Additionally, much of the evidence most relevant to clinical decisions relates to comparisons between different interventions rather than with placebo or no intervention. Where appropriate, we indicate the comparisons (and, yes, it can get complicated).
A third consideration is that interventions may have been tested, or found to be effective, in only one group of people - such as those at high risk of an outcome. Again, we indicate this where possible.
But perhaps trickiest of all is trying to maintain consistency across our reviews.

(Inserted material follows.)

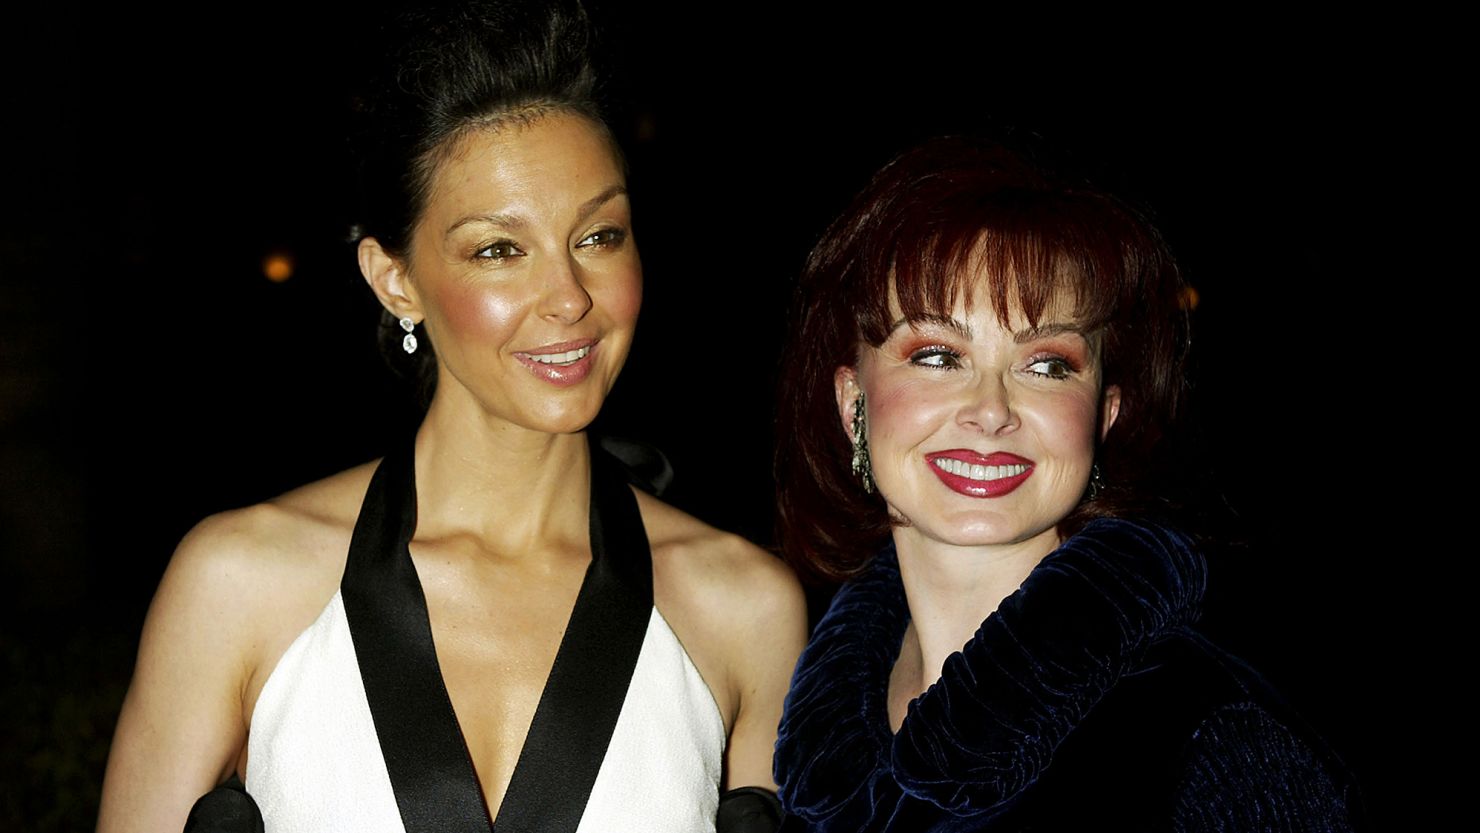 Ashley Judd and Naomi Judd, who took her own life last year.

There isn't a convenient web tool for that - it just takes a lot of work.
We continually revisit the criteria for categorising interventions. And we're pragmatic about it: interventions that can't be tested in an RCT for ethical or practical reasons are sometimes included in the categorisation table and identified with an asterisk and an explanatory comment. For more on our adventures in categorisation, see Efficacy categorisations, below.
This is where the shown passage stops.